ひとことで言うと
カテーテル治療で使用した医療機器を、GS1バーコードとRFIDを用いて患者ごと・使用順ごとにリアルタイム記録するシステムを開発し、高い記録精度を示した研究。
なぜこの研究をしたのか
心臓カテーテル検査室では、ペースメーカー植込みや冠動脈インターベンションなどで多様な医療機器が使われる。これらの機器は患者に長期的な影響を与えうる一方、医療機器のリコールは発生しており、どのロット番号の機器が、どの患者に、どの手技状況で使われたかを正確に記録することが重要である。
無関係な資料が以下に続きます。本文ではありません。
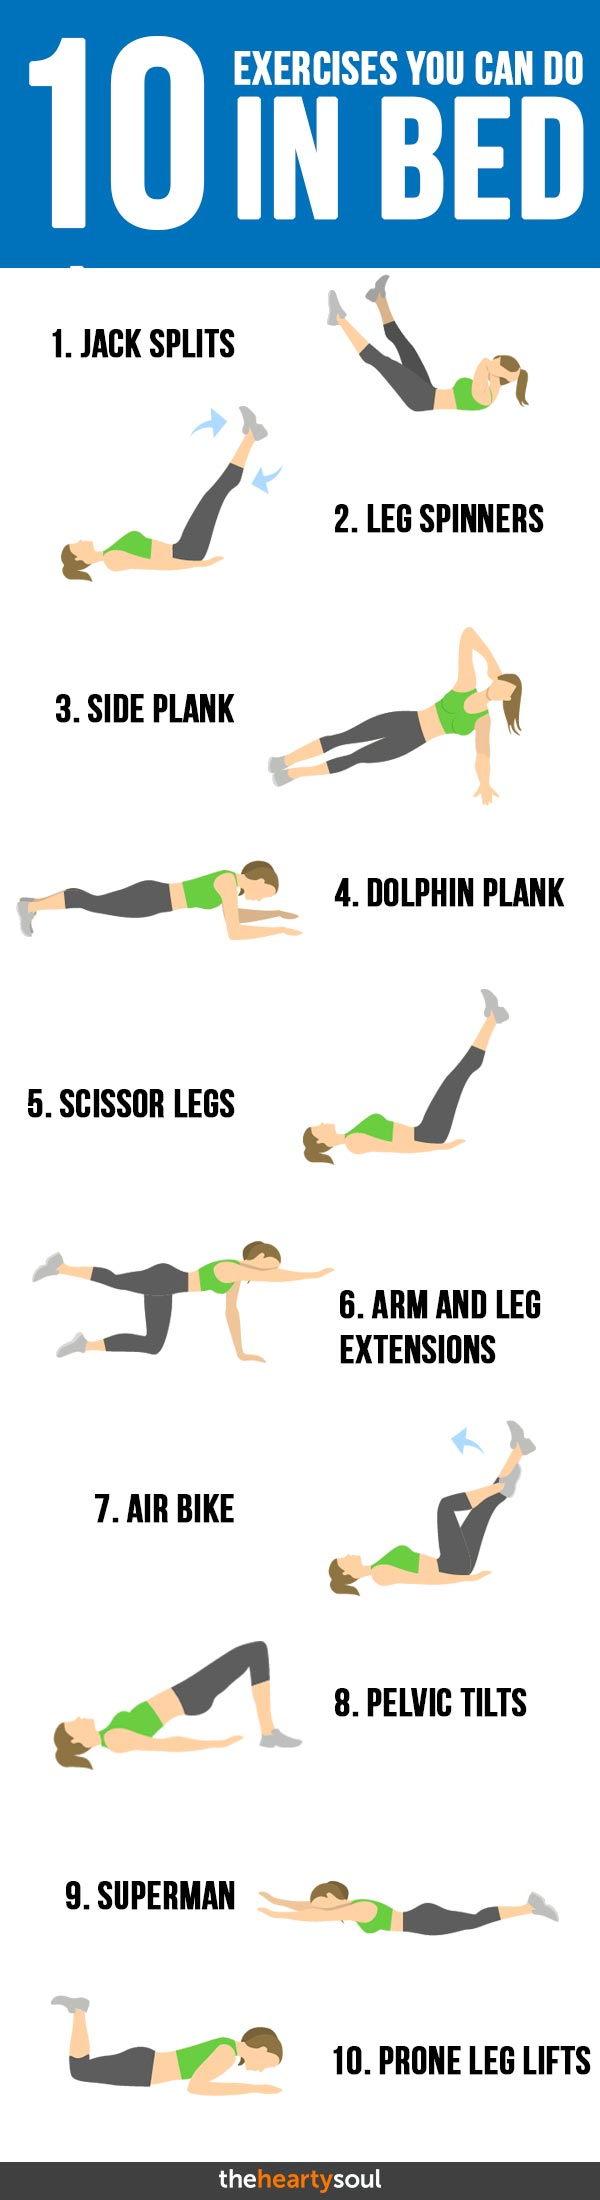 Belly Exercises: 7 exercises for a flat belly

既存の追跡制度には対象機器や記録方法の制約があり、長期保管や検索に課題があった。
どう調べたか
病院に納品された医療機器について、個装に表示されたGS1バーコードを読み取り、RFIDタグと紐づけて個装に貼付した。カテーテル検査室にはRFIDタグ読み取り・回収装置を設置し、使用済みの医療機器包装を順番に投入することで、GTIN-13、有効期限、ロット番号、読み取り時刻をリアルタイムに記録した。装置は放射線情報システムと医療材料マスターデータベースにも接続され、患者情報や製品情報を取得した。
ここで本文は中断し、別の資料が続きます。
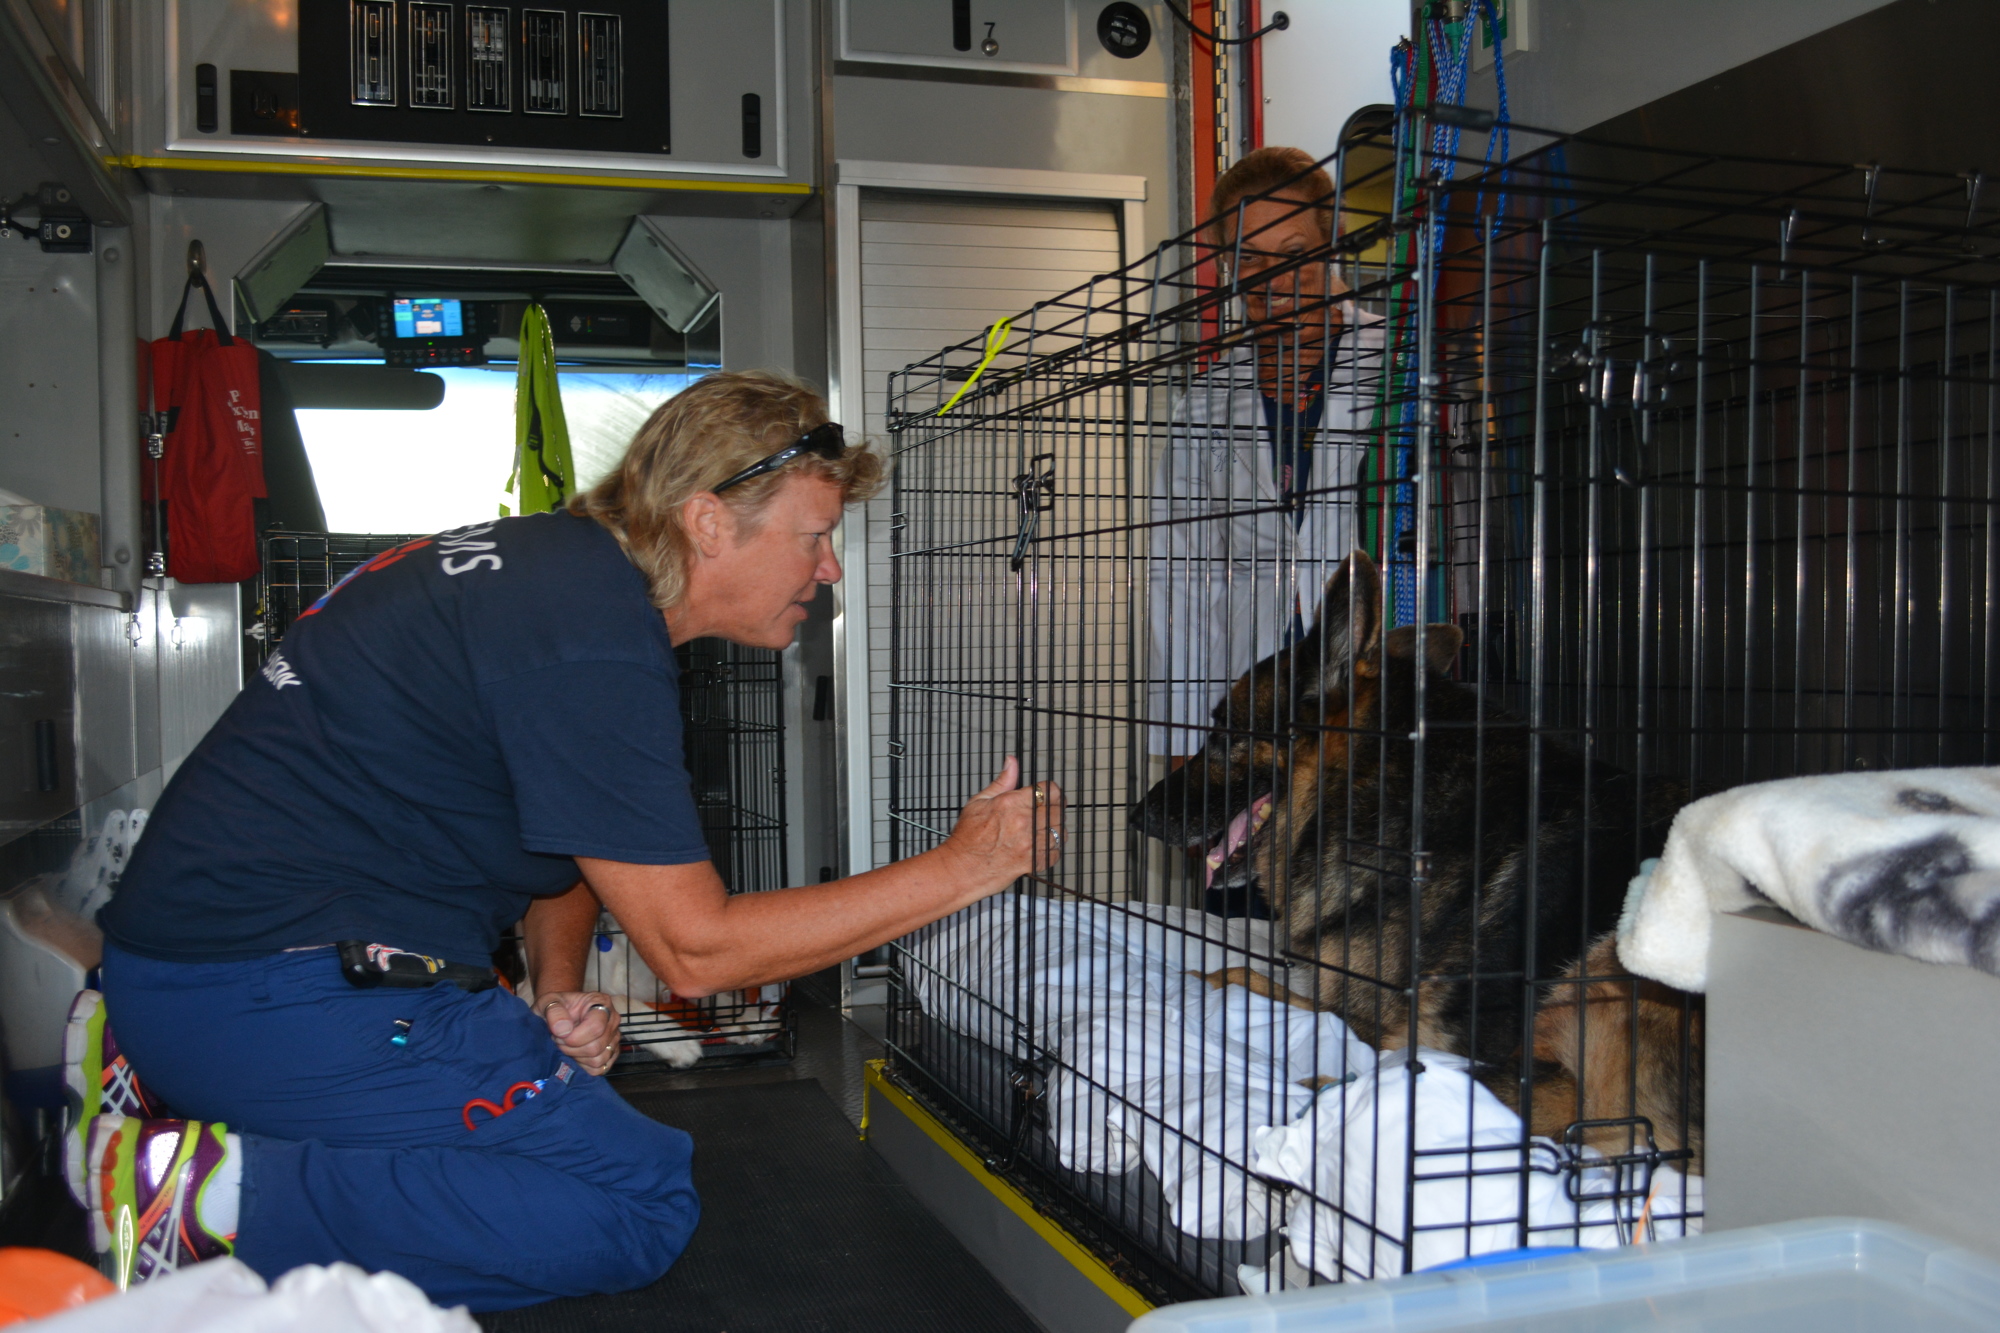 Cheryl Brady checks on Kash, who had surgery the night before, as she gets ready to transport him.

記録順序の精度は、2024年8月から9月に実施された予定PCI症例を用いて評価した。医師のPCI手技レポートと血管造影画像から主要デバイスの使用順を確認し、RFIDタグまたはGS1バーコードの読み取り時刻から得られた順序と比較した。一致度はKendallの順位相関係数で評価した。
何がわかったか
この装置は5か月間で568件のカテーテル手技に使用され、9,347個の医療材料が読み取り・登録された。そのうち8,876個、すなわち95%はRFIDタグで読み取られ、残りはGS1バーコードで読み取られた。
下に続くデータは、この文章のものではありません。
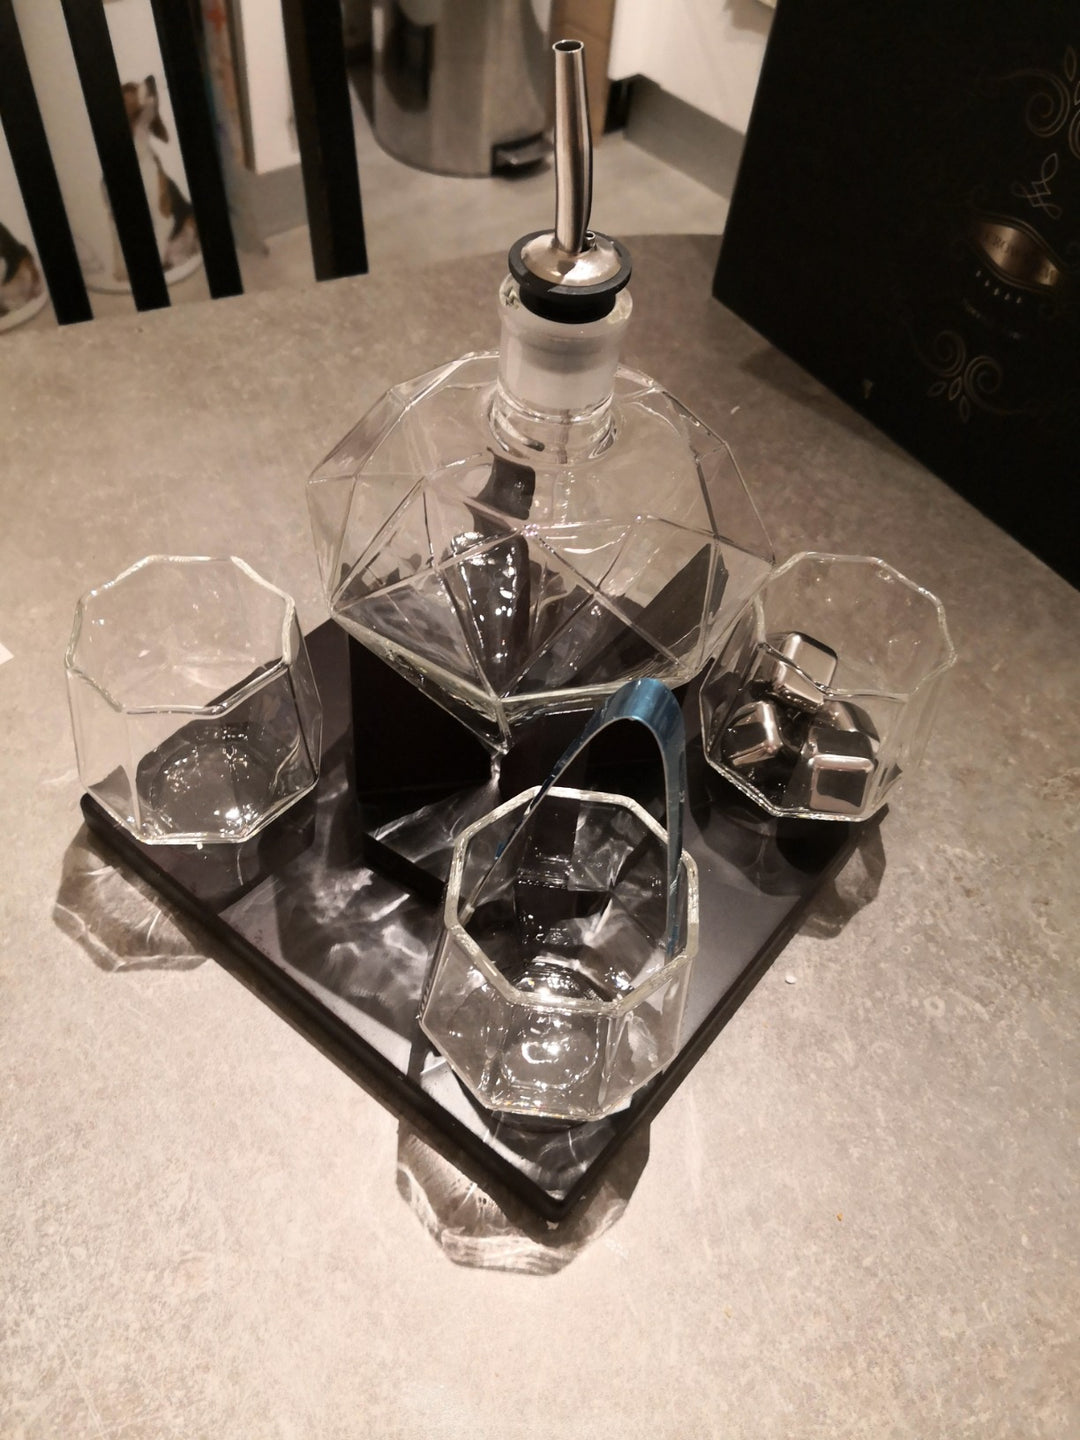 jewel_decanter_on_table_with_4_glasses

予定PCI 21例のうち、主要デバイスが5個未満の5例を除いた16例で解析したところ、Kendallの順位相関係数は0.95±0.12であり、主要デバイスの使用順を高い精度で記録できた。相関係数が0.9未満だった2例では、病院在庫ではなく業者が持ち込んだ機器が使われており、RFIDではなくGS1バーコードで後から読み取られたことが順序のずれにつながっていた。
なぜ大事なのか
このシステムにより、GS1に含まれるロット番号などの医療機器情報を、実際に使用された患者情報と結びつけて記録できるようになった。さらに、使用された順序も記録できるため、医療機器のトレーサビリティを高めるだけでなく、PCI手技の流れを可視化し、教育や手技改善、患者安全の向上に役立つ可能性がある。
次に目指すこと
今後の応用として、記録された時系列データを用いた生成AIによるPCI手技レポート下書き作成、熟練者と研修者の手技順序の比較による教育支援、通常パターンからの逸脱を利用した合併症の早期検出、過去症例との比較によるPCI技術改善が想定されている。
一方で、RFIDタグの導入にはコストがかかる。また、時系列精度の検証では、使用順を手技レポートや画像から正確に判断できないワイヤーやマイクロカテーテルは解析対象から除外された。